子どもの場合、耳管の角度によって、上気道感染後に耳の感染症を発症し、中耳腔に液体がたまる可能性が高くなるといいます。
幸いなことに、子どもは成長につれて耳管の角度が変化することで、この可能性が低くなっていきます。
子どもが耳の感染症にかかりやすいのには、もうひとつ重要な理由があります。免疫力がまだ発達途上であり、感染症を予防する体制が整っていないのです。
補聴器が耳を傷つけることはない
正しく装着されていれば、補聴器は快適で、耳を傷つけたり、耳が痛くなったりすることはないはずです。補聴器の痛みや刺激を感じている場合は、購入された補聴器専門店や補聴器外来を受診された耳鼻科へ相談してください。
耳の痛みはいつ医者に診てもらうべきですか?
さまざまな場合があります。
「耳の痛みは非常によくみられます」 とホフマン医師は指摘します。また、飛行機に乗っているときの圧外傷のように、比較的短時間で起こるものもあります。
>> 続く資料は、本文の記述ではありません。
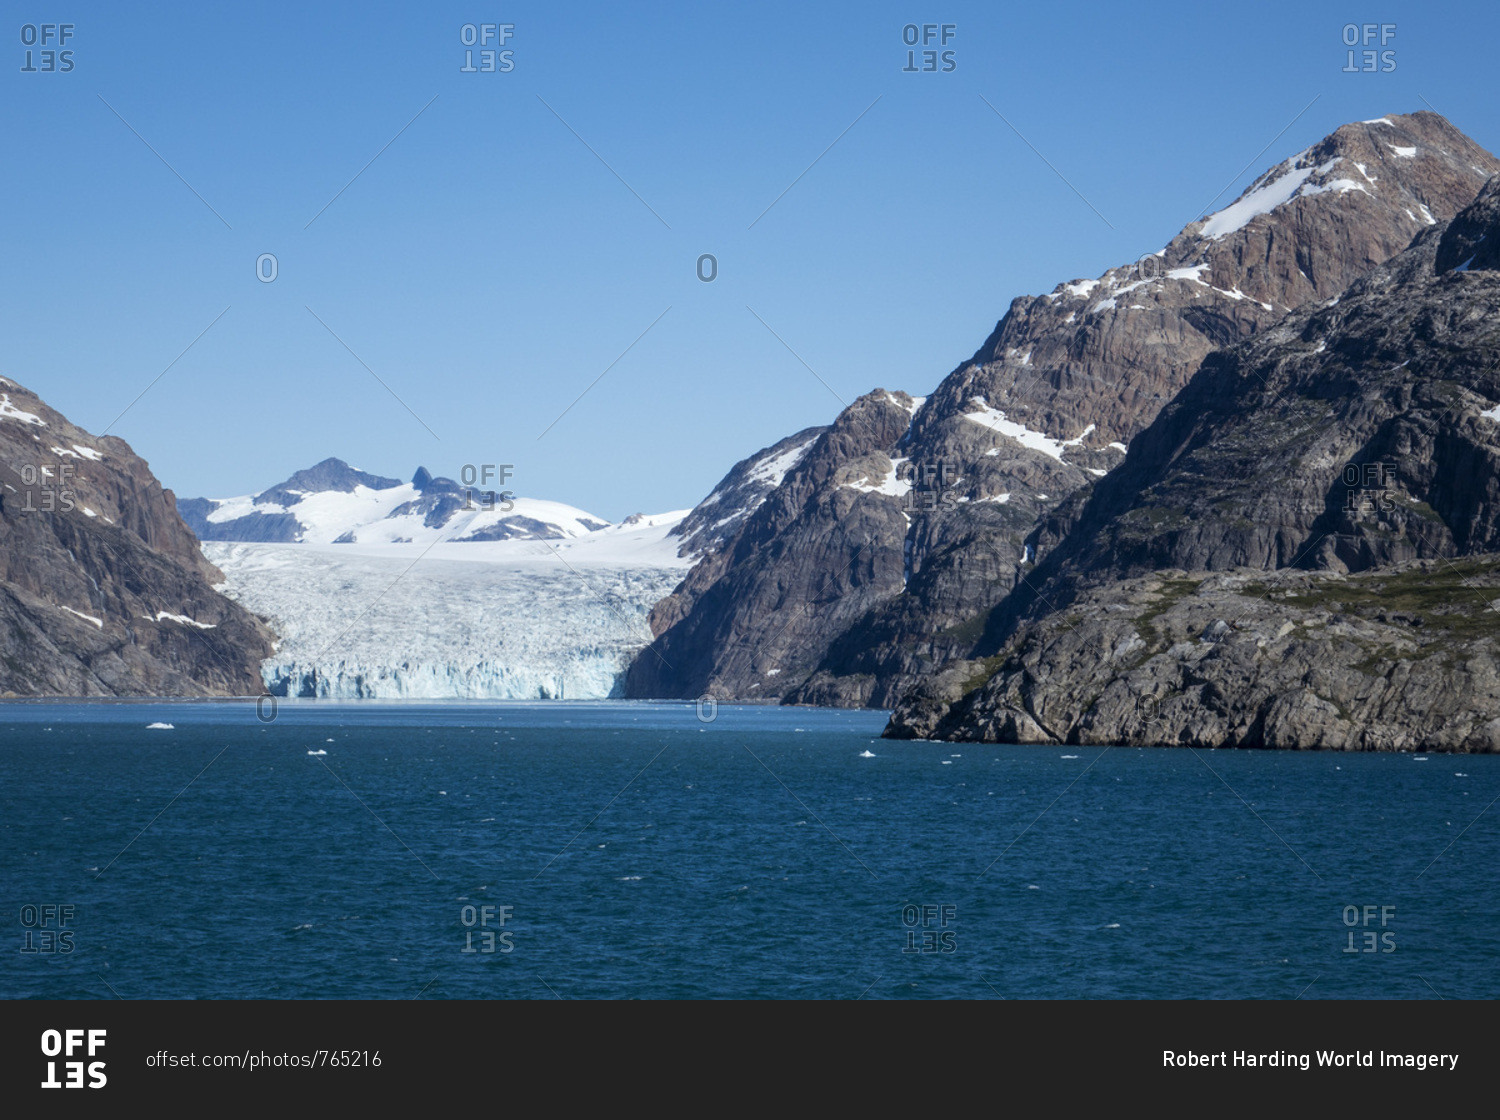 Glacier, Prince Christian Sound, southern Greenland, Polar Regions

耳鼻咽喉科の診察を受けるべき徴候には、めまい、発熱、難聴、耳垂れ(耳漏)、持続する痛みなどがあります。
「発生頻度が非常に低く、重症ではなく、あまり長く続かないものであれば、おそらく心配する必要はありません。」とホフマン医師は述べています。
■本記事について
本記事は米国Healthy Hearingにて掲載された記事を、一般的な情報提供を目的として意訳、また日本国内の事情に沿うように加筆再編成したものです。本記事のコピーライトはhealthyhearing.com及びheatlhyhearing.jpに帰属します。本記事内に掲載された名称は、それぞれ各社の商標または登録商標です。また、出典や参照元の情報に関する著作権は、healthy hearingが指定する執筆者または提供者に帰属します。
■英語版記事はこちらから
米国「HealthyHearing」2022年9月12日の記事「Why does my ear hurt?」(Madeleine Burry 寄稿)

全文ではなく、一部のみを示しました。